Читать «Утренняя заря, альманах на 1841 год, изданный В. Владиславлевым. Третий год» онлайн - страница 6

Виссарион Григорьевич Белинский

В статье князя Вяземского есть несколько писем Фонвизина, нигде доселе не напечатанных. В изложении автор умел схватить тон и колорит того времени, так что, читая, делаешься современником Фонвизина. Множество истин, прекрасно высказанных, еще более возвышают достоинство труда князя Вяземского. Выпишем некоторые места.
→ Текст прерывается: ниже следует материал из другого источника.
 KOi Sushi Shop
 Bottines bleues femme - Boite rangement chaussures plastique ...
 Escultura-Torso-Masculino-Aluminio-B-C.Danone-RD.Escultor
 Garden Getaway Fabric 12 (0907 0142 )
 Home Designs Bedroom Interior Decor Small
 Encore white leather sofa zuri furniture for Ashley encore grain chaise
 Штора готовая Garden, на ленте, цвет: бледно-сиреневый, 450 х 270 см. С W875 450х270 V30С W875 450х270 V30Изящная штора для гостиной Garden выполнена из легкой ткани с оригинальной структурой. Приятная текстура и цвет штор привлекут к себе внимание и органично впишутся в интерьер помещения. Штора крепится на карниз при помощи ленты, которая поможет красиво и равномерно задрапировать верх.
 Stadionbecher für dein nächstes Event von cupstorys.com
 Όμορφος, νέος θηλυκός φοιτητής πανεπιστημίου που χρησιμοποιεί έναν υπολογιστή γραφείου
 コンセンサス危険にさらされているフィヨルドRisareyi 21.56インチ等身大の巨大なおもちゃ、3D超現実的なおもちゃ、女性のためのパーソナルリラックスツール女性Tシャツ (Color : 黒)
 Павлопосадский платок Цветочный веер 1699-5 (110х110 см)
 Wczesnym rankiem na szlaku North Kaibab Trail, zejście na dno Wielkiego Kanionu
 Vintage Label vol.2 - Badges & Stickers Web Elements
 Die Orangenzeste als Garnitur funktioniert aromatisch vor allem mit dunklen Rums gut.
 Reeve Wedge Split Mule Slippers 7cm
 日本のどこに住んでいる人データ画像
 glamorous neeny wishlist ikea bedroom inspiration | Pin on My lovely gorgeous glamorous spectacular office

Литературные связи его (Фонвизина) были не менее почетны: Державин, Домашнев, президент Академии наук и сам заслуживший известность приятными дарованиями, Богданович, Козодавлев, бывший впоследствии министром, но тогда еще скромный искатель у алтарей муз, актер Дмитревский, который искусством и образованностию своею возвысил у нас актерское звание, и еще несколько других литераторов были ему приятелями. Жаль, что ничего не дошло до нас из сих бесед, которые, вероятно, особенно Фонвизин оживлял веселостию своею, комическими рассказами и вспышками беглого остроумия. Можно представить себе, как, мешая дело с бездельем, передавали друг другу надежды свои на успехи русской литературы и вообще народного просвещения или частные планы свои для приведения сих надежд в исполнение, советовались они между собою, критиковали свои произведения, спорили и соглашались, или, вероятно, оставались каждый при своем мнении, без злобы смеялись о ближнем и о себе; как в сем дружеском и просвещенном ареопаге судимы были «Водопад» Державина, новый отрывок «Душеньки», «Росслав» Княжнина; как Фонвизин, долго слушая выходки сего классического норманца, наконец спрашивает автора: «Когда же вырастет твой герой? Он все твердит: я росс, я росс; пора бы ему и перестать расти!» – и как Княжнин отвечает ему: «Мой Росслав совершенно вырастет, когда твоего Бригадира произведут в генералы!» Или, можно себе представить, как при чтении сатиры на Фонвизина, в которой он назван кумом Минервы, отражает он стрелу в самого насмешника и говорит: «Может быть; только наверное покумились мы с нею не на крестинах автора»; то представляем мы себе, как в этой приятельской беседе в лице Фонвизина вдруг оживает Сумароков, с своею живостию, с своими замашками физическими и умственными: олицетворенный покойник бесится на Тредьяковского, сравнивает строфу свою с строфою Ломоносова или жалуется на московскую публику, которая в театре щелкает орехи в то самое, время, когда Димитрий Самозванец произносит свой монолог, – но, к сожалению нашему, весь ум этих бесед выдохся, все искры остроумия их погасли во мраке забвения! У нас нет говорунов, рассказчиков, нет гостиных рапсодов, передающих веселые преданья старины; у нас нет и разговора: карты вытеснили и заступили все другие забавы общежития. Скорее найдешь человека, готового вспомнить масти и козыри игры, которая сдана ему была во время оно Фонвизиным или графом Марковым, нежели острое слово, слышанное им от того или другого.